Conclusion and Recommendation
Dubai develops real estates and various monumental buildings to host recreation facilities that are established to support its diversification strategy of ensuring that it becomes the major economic hub in the world. It is recommended for it to develop planetary sustainability culture. Becoming the major economic hub in the world implies that Dubai will host a large number of people from foreign nations and from within the UAE. Sustainability cannot be realized with a large consumption culture for energy and water resources and at the expense of the available vegetation cover to put up real estates and skyscrapers.
Although Dubai’s economy cannot operate without the support of water and energy resources, it is recommended that apart from considering various policies to address the conservation of these resources, Dubai must consider that the resources are generated in environmentally sustainable ways. For example, the flashy lifestyle of Dubai is supported by huge freshwater consumption that is acquired through desalination. This process requires huge inputs of electrical power.
To enhance sustainability, Dubai not only needs to consider putting in place programs for recycling almost 100 % of its wastewater as it is witnessed in the case of Madrid but also needs to ensure cleaner sources of power that are used to operate desalination plants.
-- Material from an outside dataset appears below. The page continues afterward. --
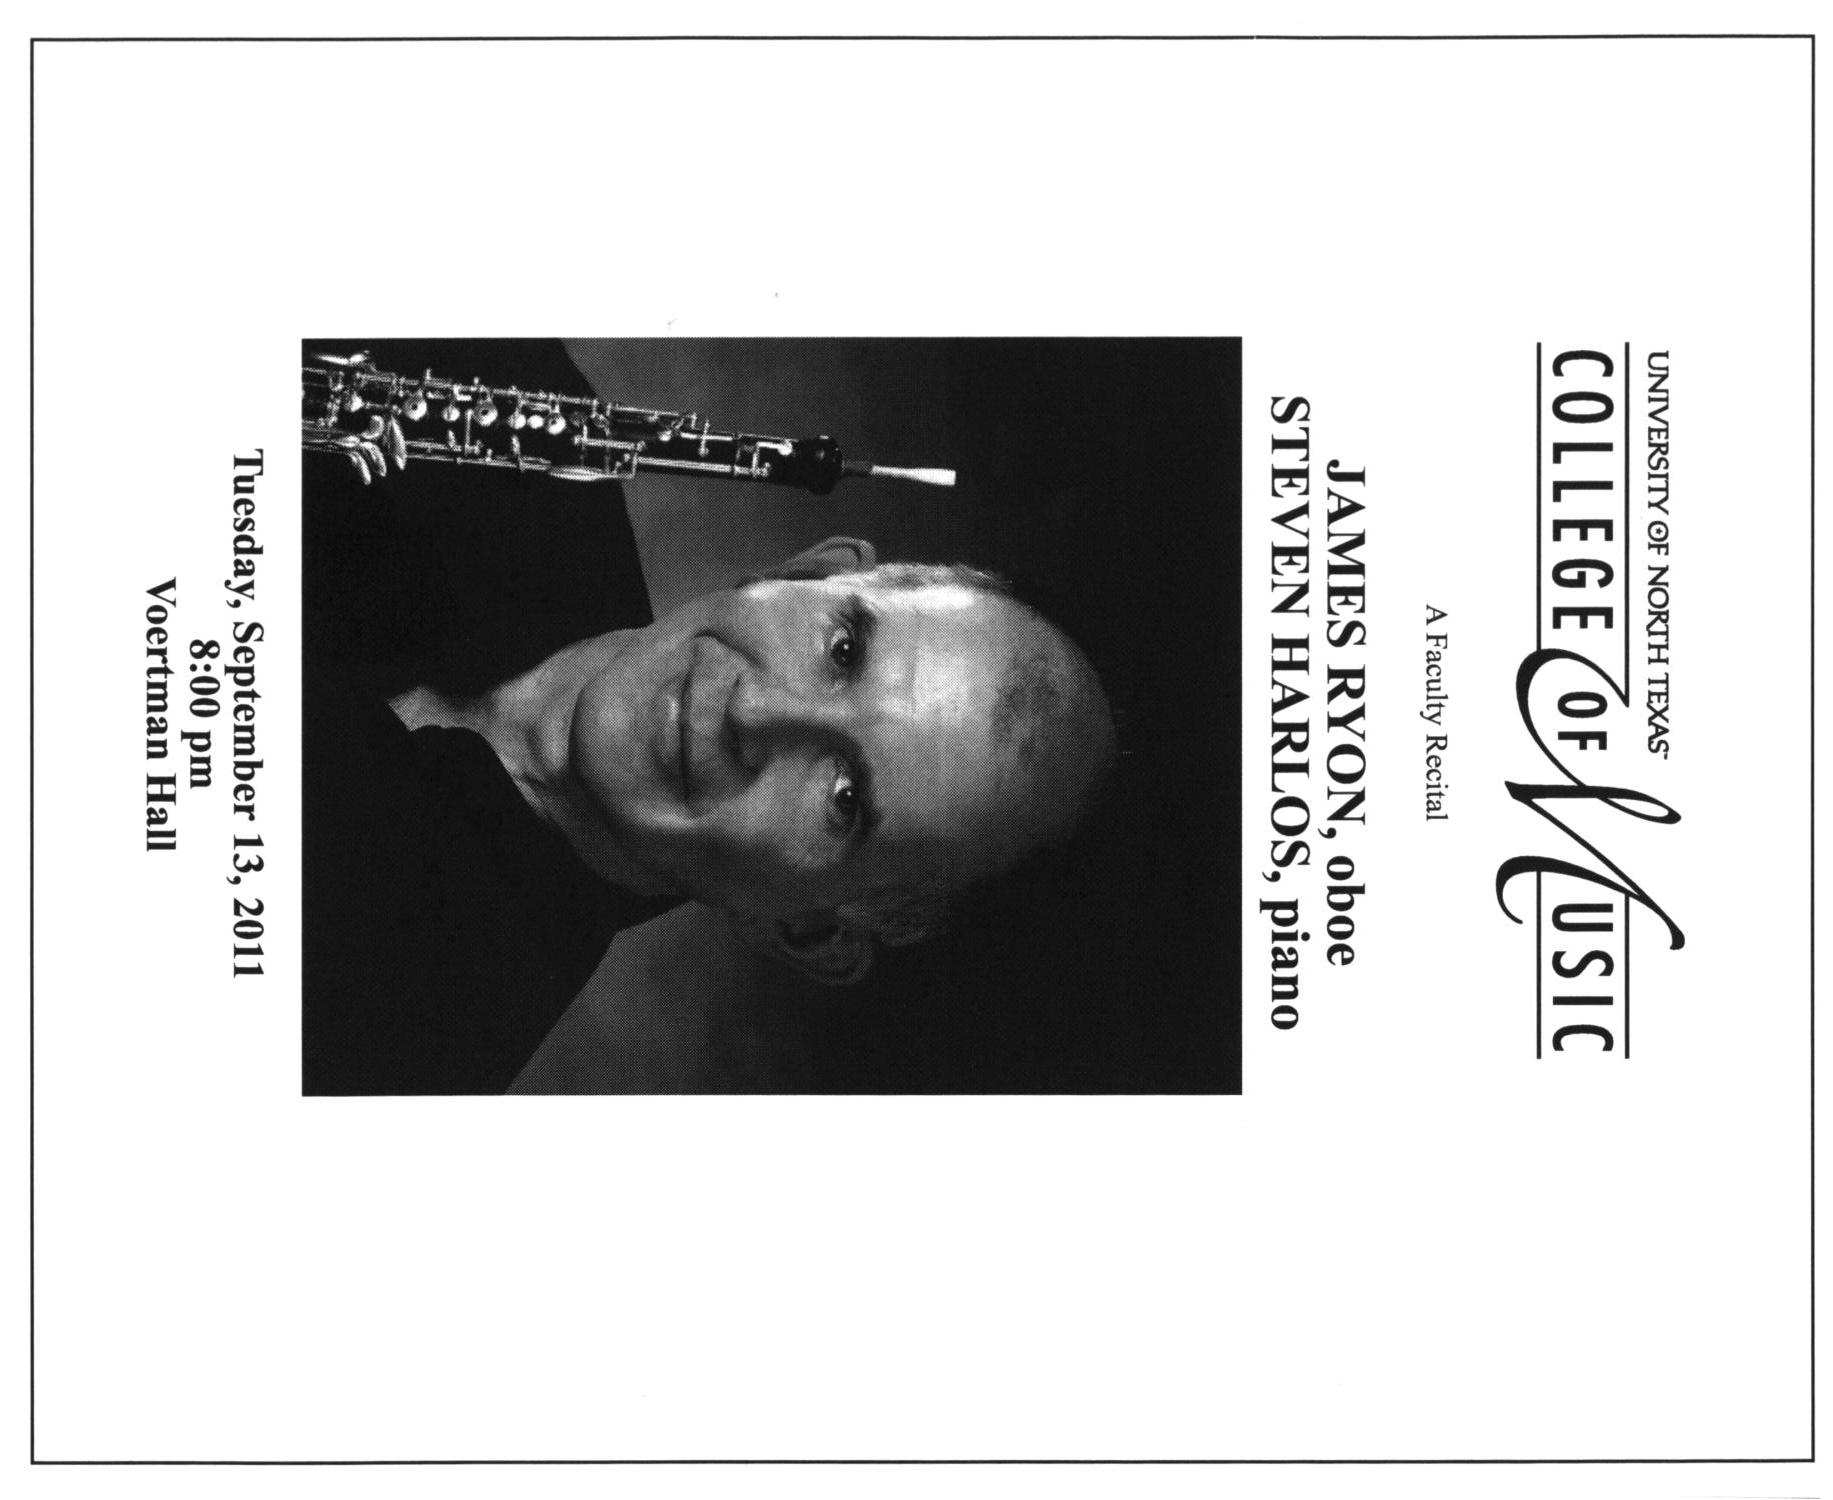 College of Music Program Book 2011-2012: Ensemble & Other Performances, Volume 1
                                                
                                                    39

One of such sustainable cleaner sources of energy is nuclear energy, as opposed to fossil fuel energy. The city can also guarantee the sustainability of its buildings by ensuring self-dependency in energy supplies. Such energy may come from wind and solar.
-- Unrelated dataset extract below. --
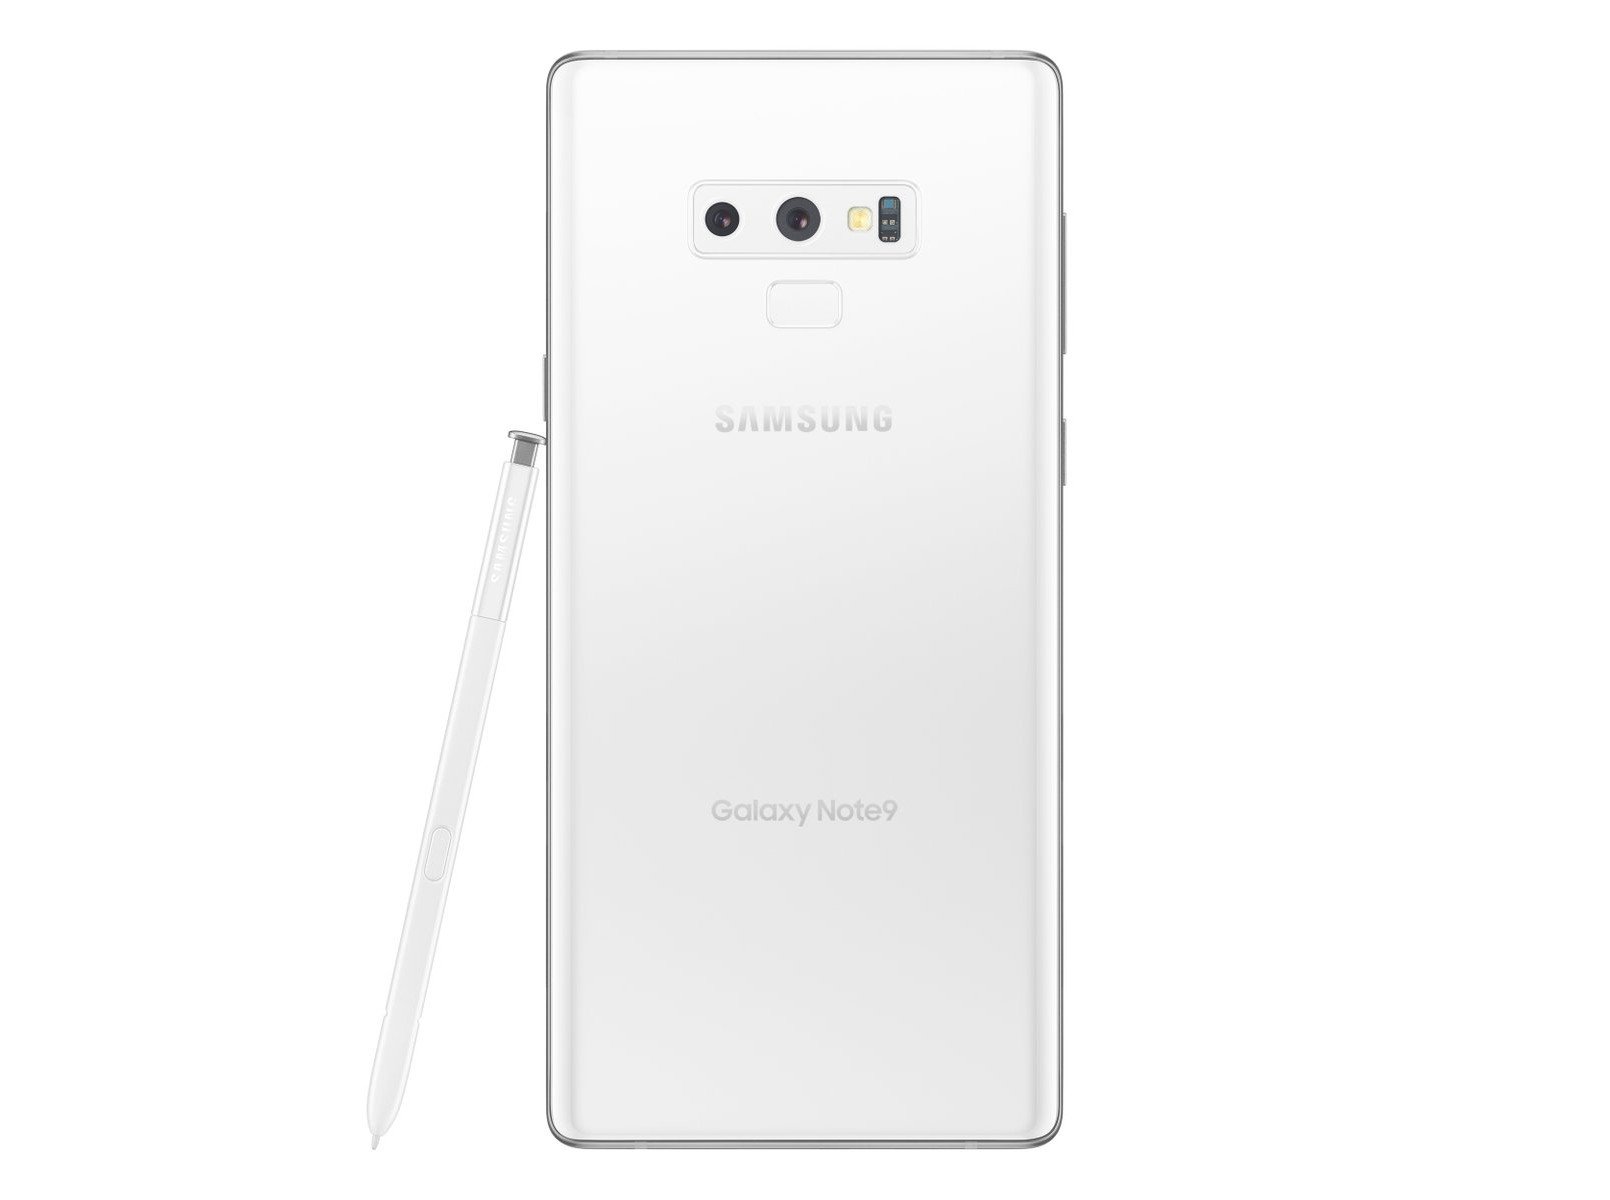 Samsung White

An innovative way of making Dubai the global leading sustainable city as it looks forward to hosting the 2020 Expo is to change its design architecture of future buildings. For example, the construction of skyscrapers that are powered by wind turbines located on every floor can help in ensuring sustainability. Although revolving skyscrapers imply that the buildings will constantly change their profiles, the main idea involves the generation of adequate power to power not only each floor but also the neighboring buildings that have already been developed without this new design. The city also needs to reduce its carbon footprints per person who travels into and out of it. To this extent, the city should benchmark from Madrid’s BUS/HOV system.